*YOUR INSTRUCTIONS*
Would you print out all of the data exactly and keep the pictures out of it?

*SOURCE MATERIAL*
________________
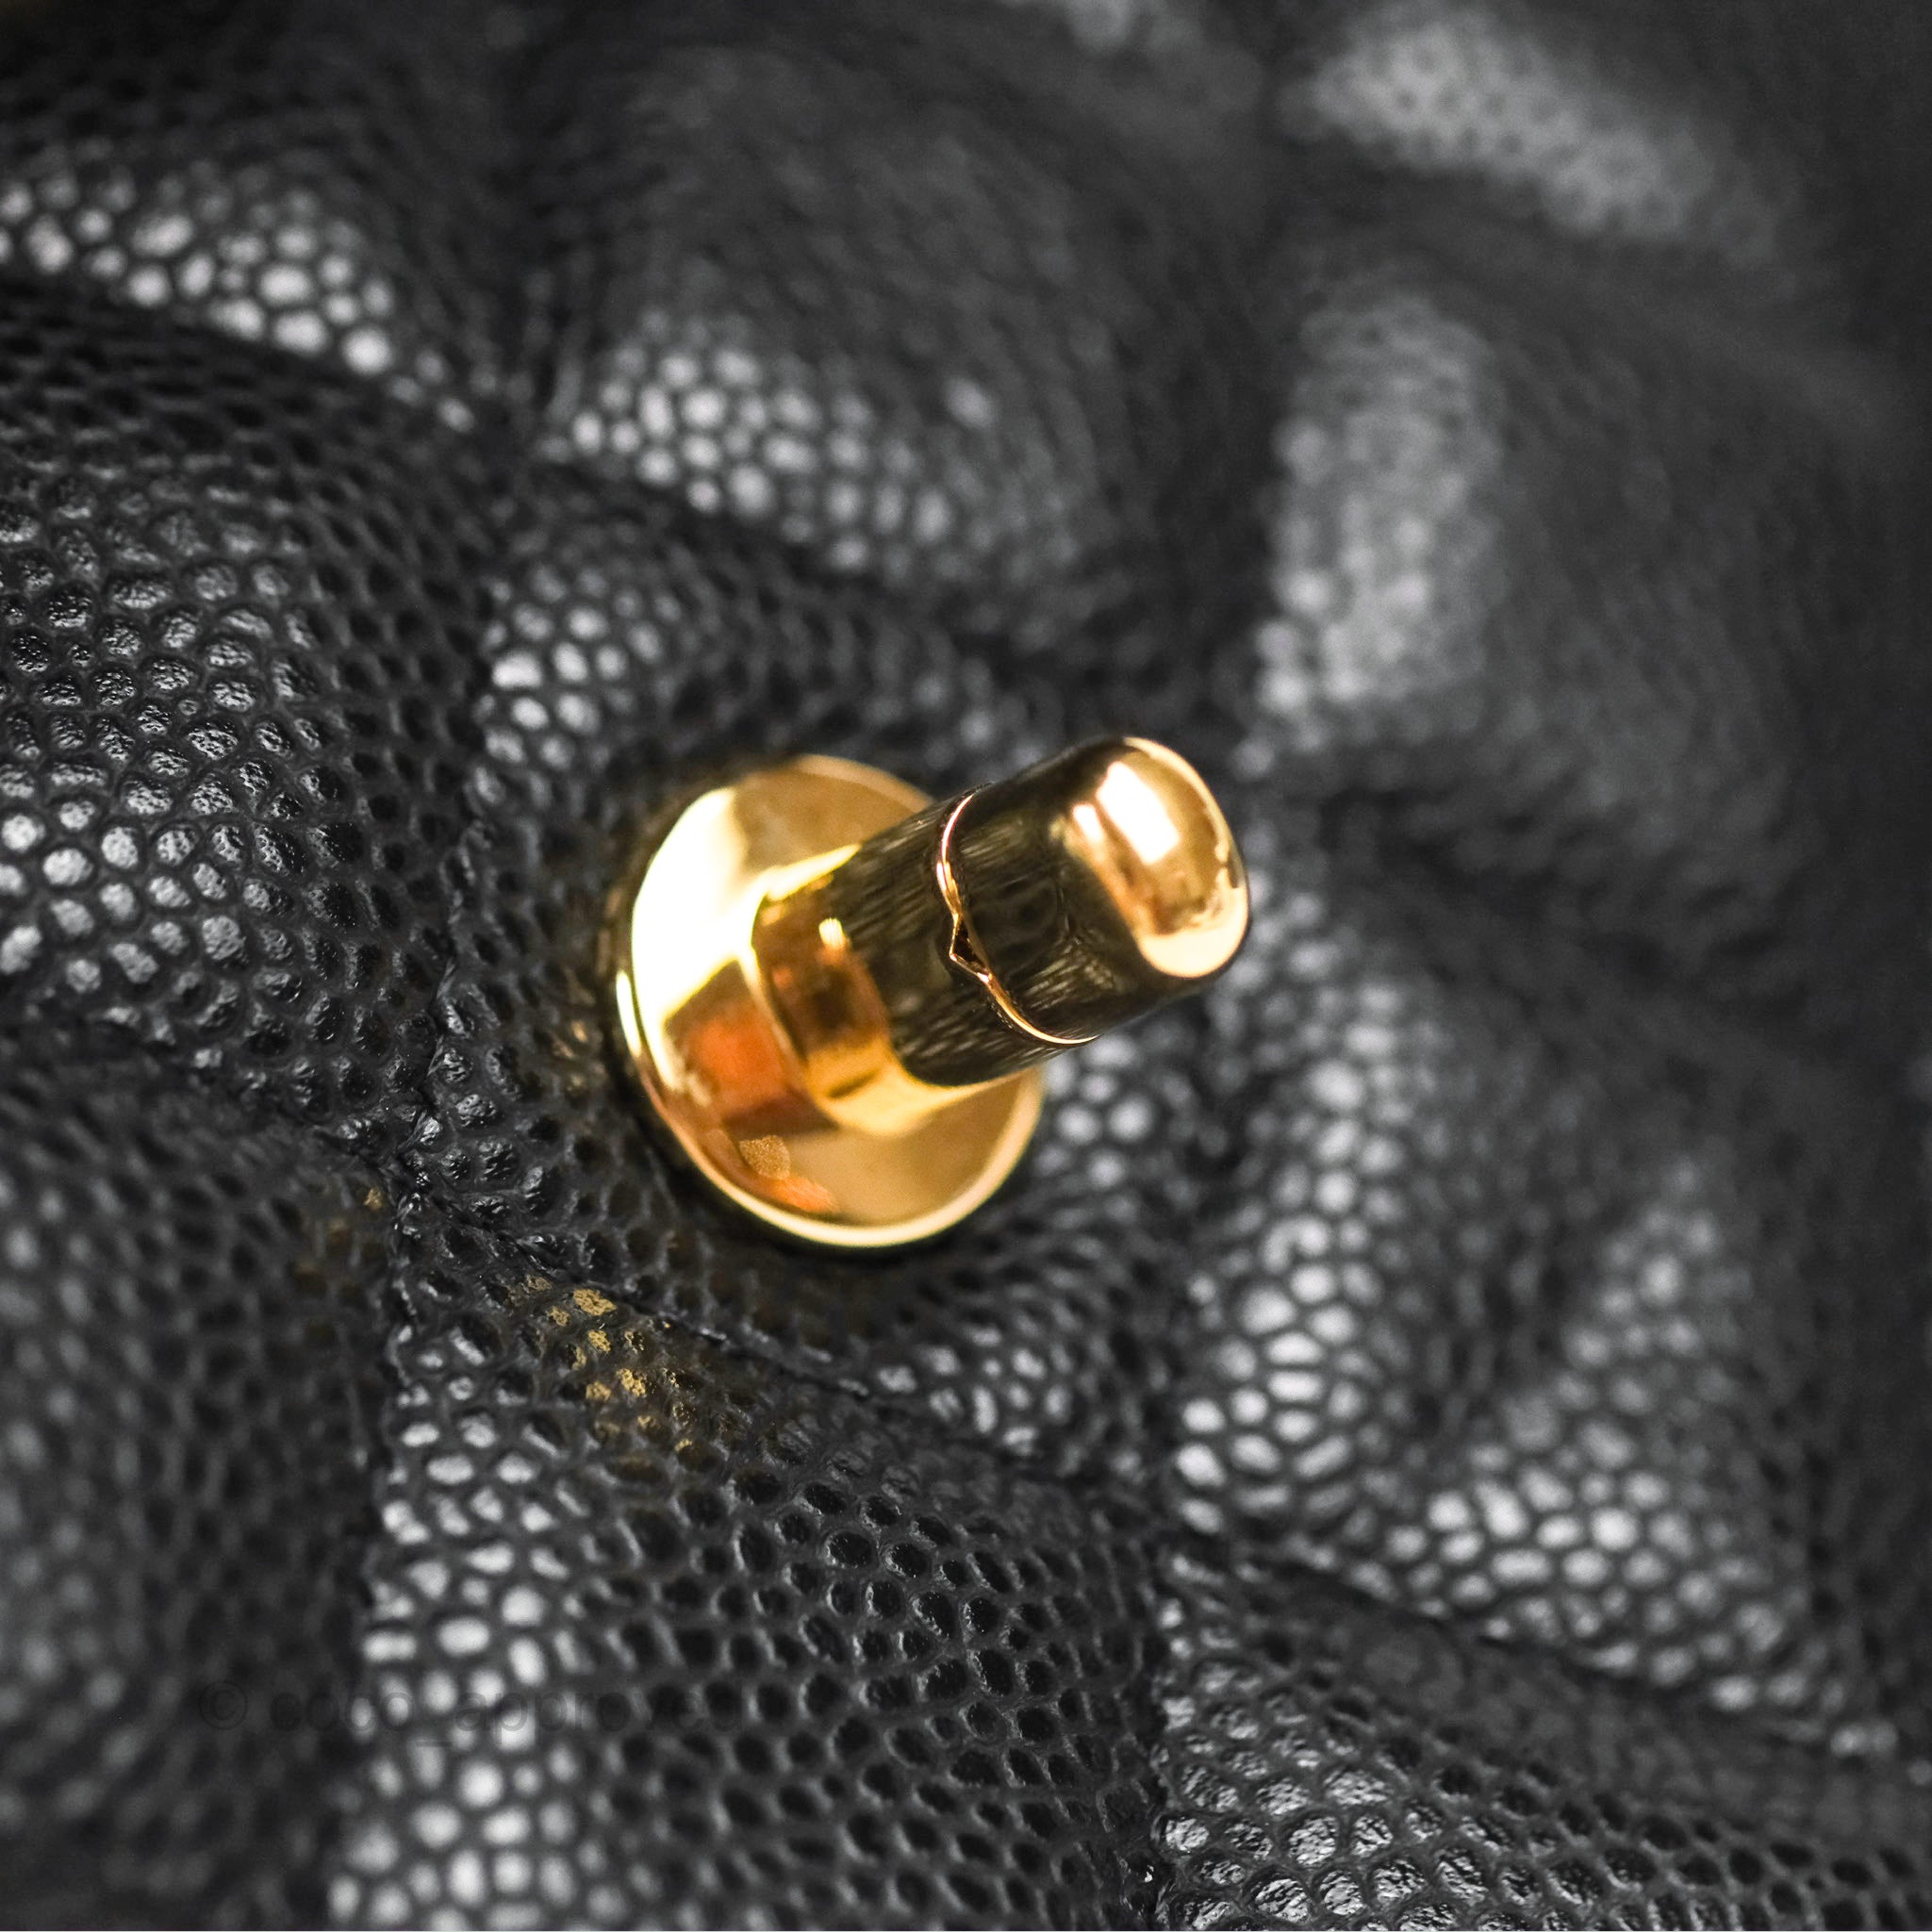 Chanel Jumbo Double Flap Black Caviar Gold Hardware⁣⁣ – Coco
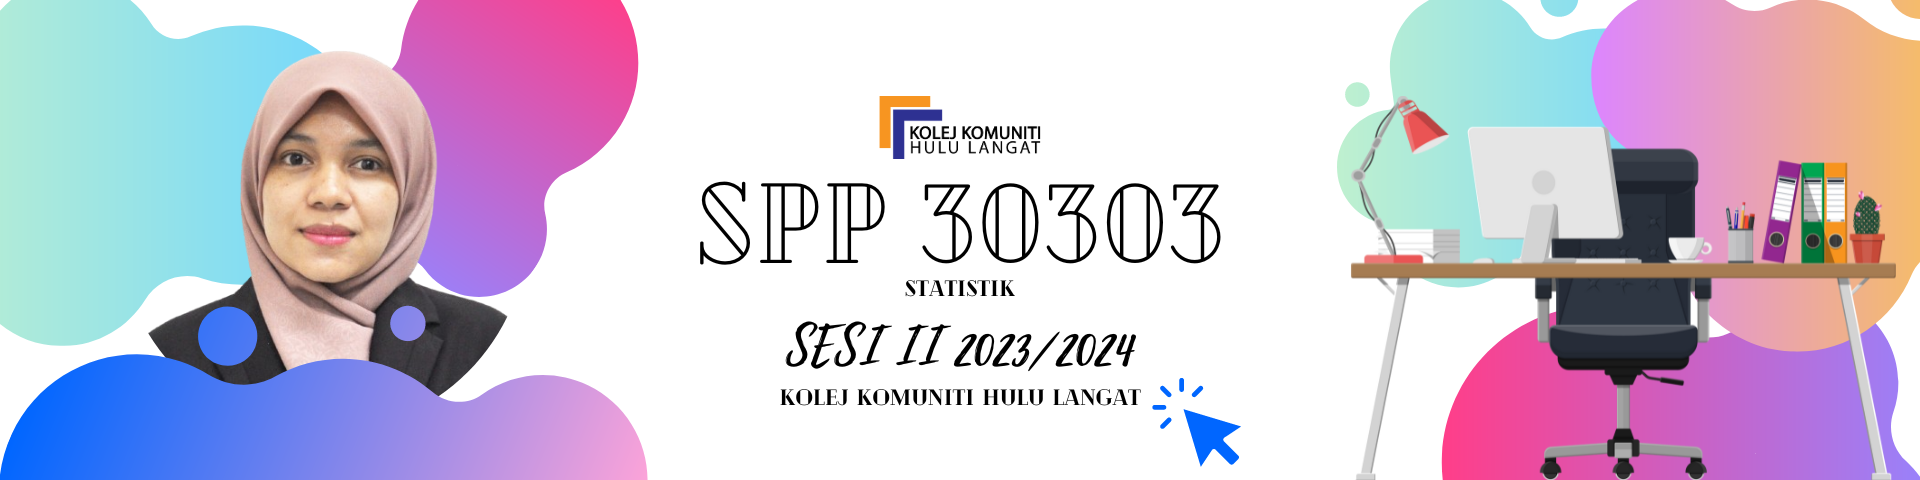 KKHL | SPP30303 STATISTIK
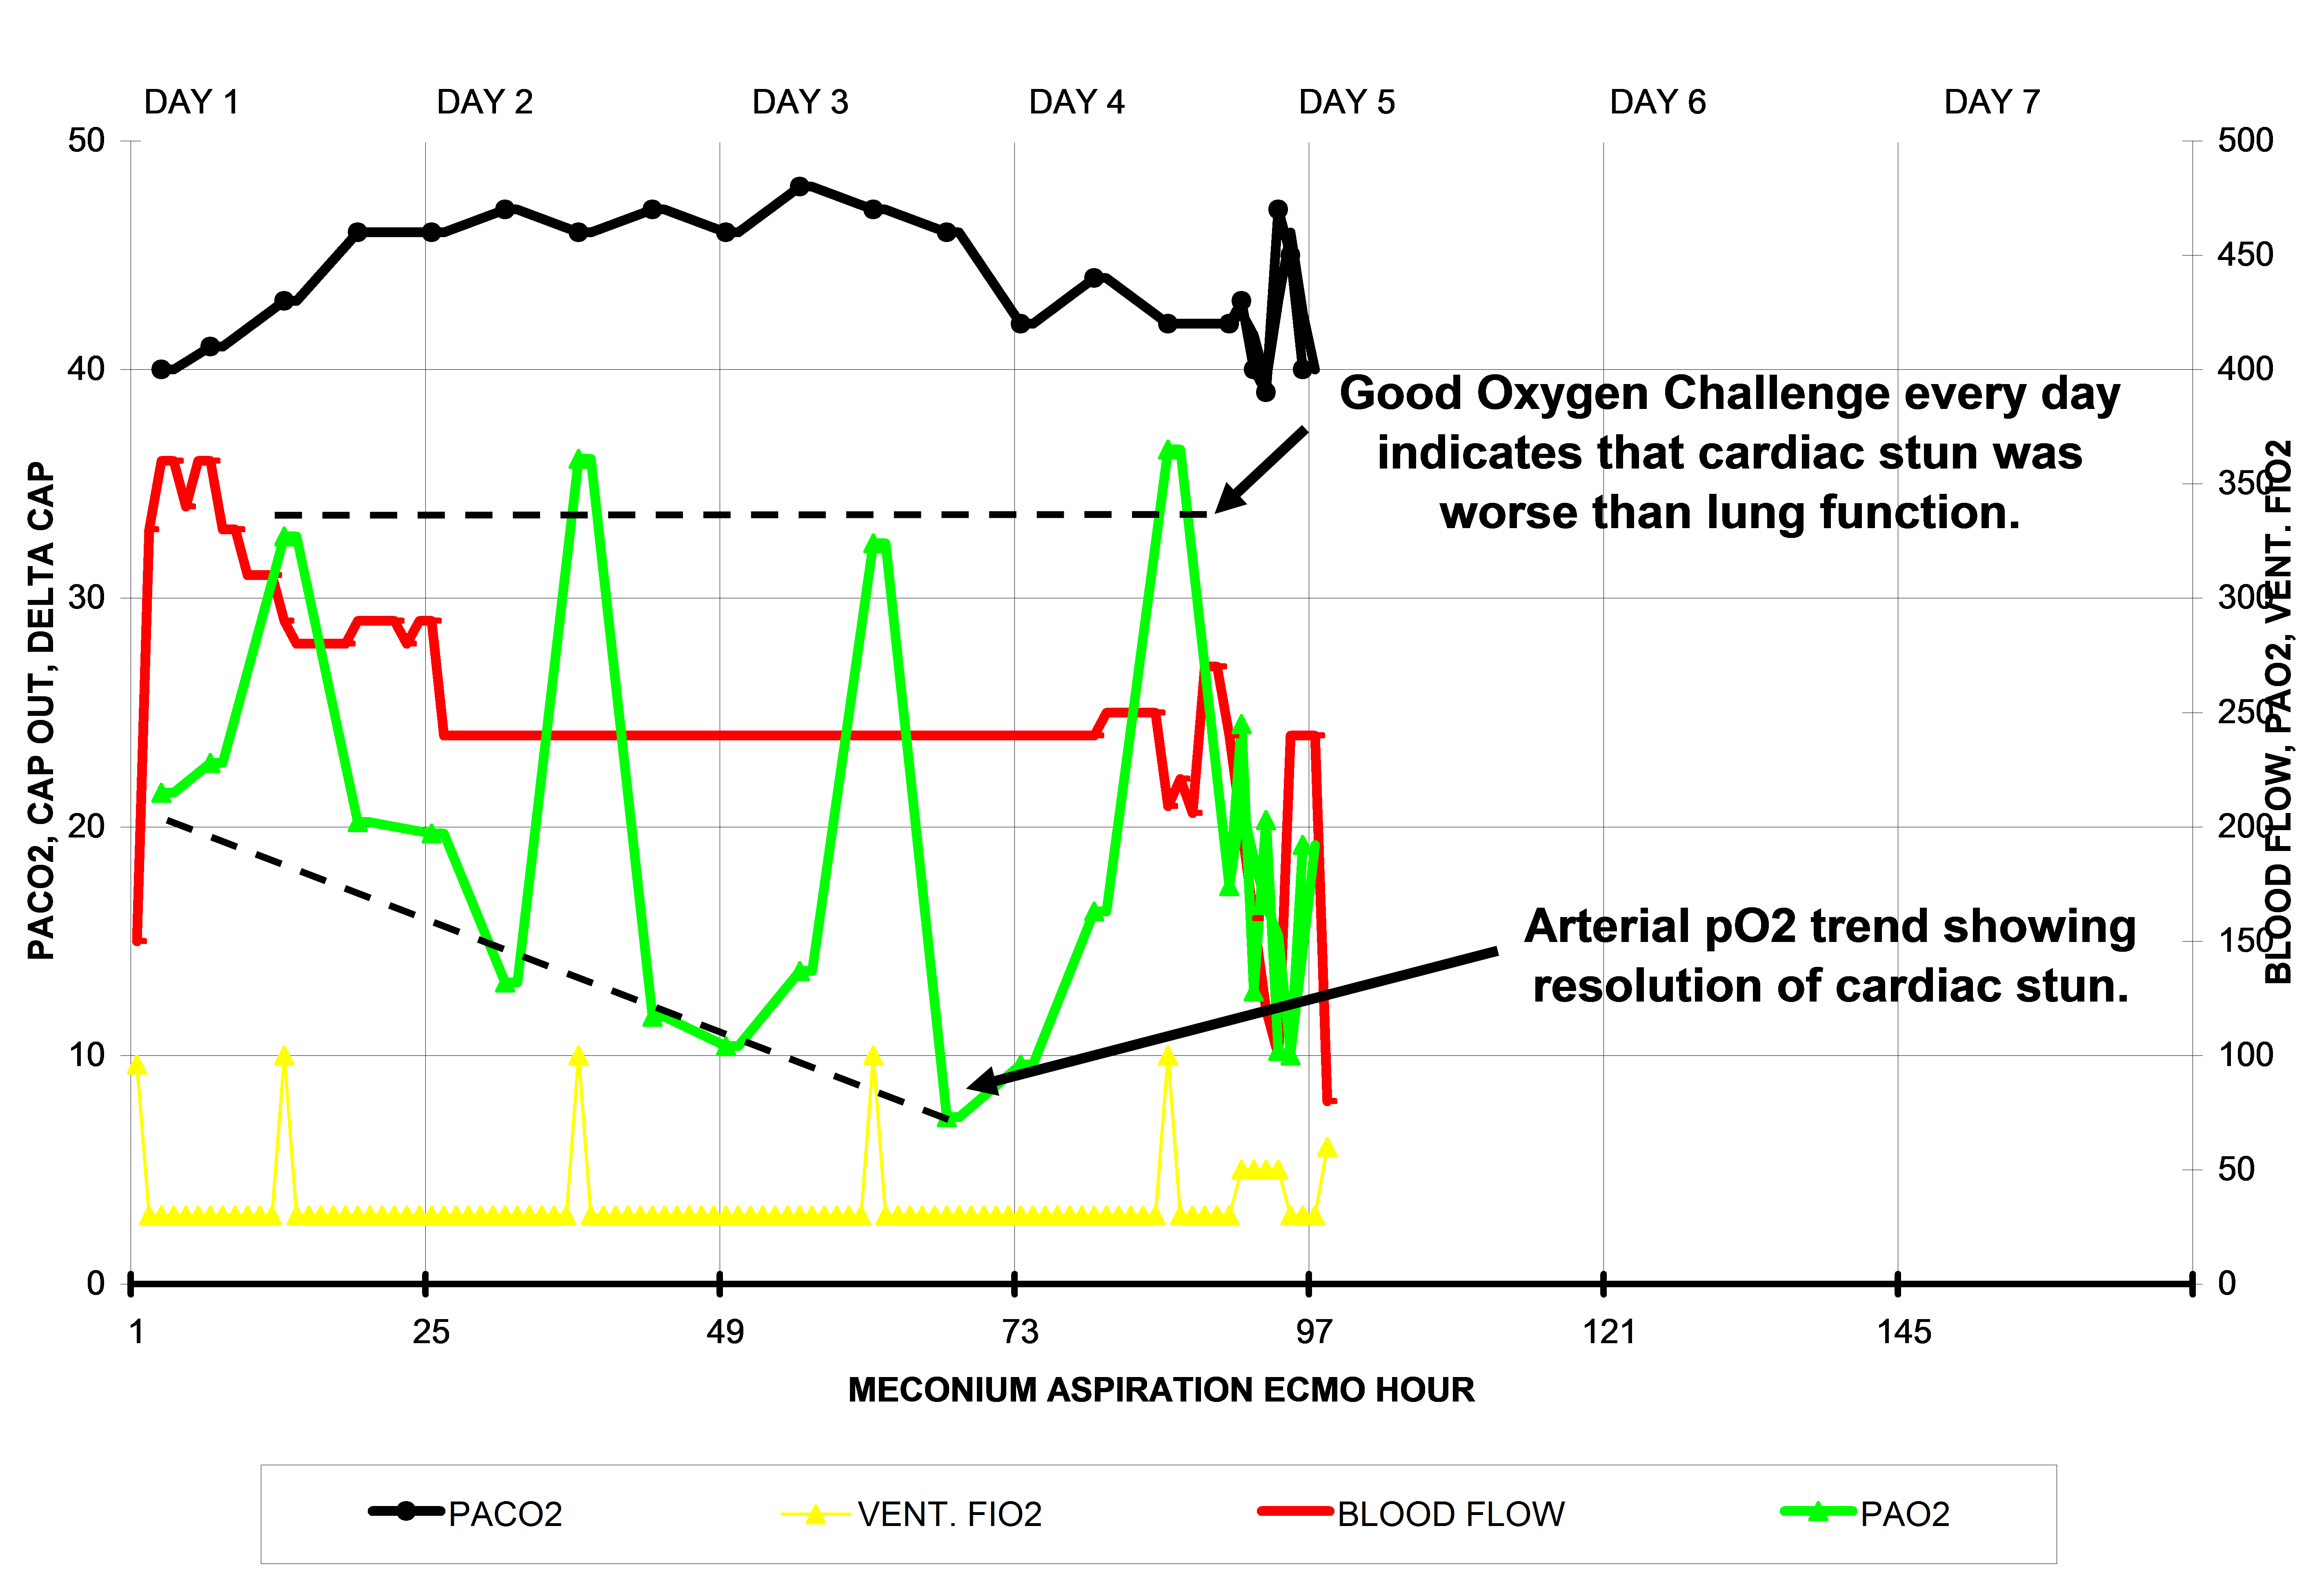 Oxygen challenge with cardiac stun
________________
*SOLUTION TO THIS EXERCISE*
 Chanel Jumbo Double Flap Black Caviar Gold Hardware⁣⁣ – Coco
 KKHL | SPP30303 STATISTIK
 Oxygen challenge with cardiac stun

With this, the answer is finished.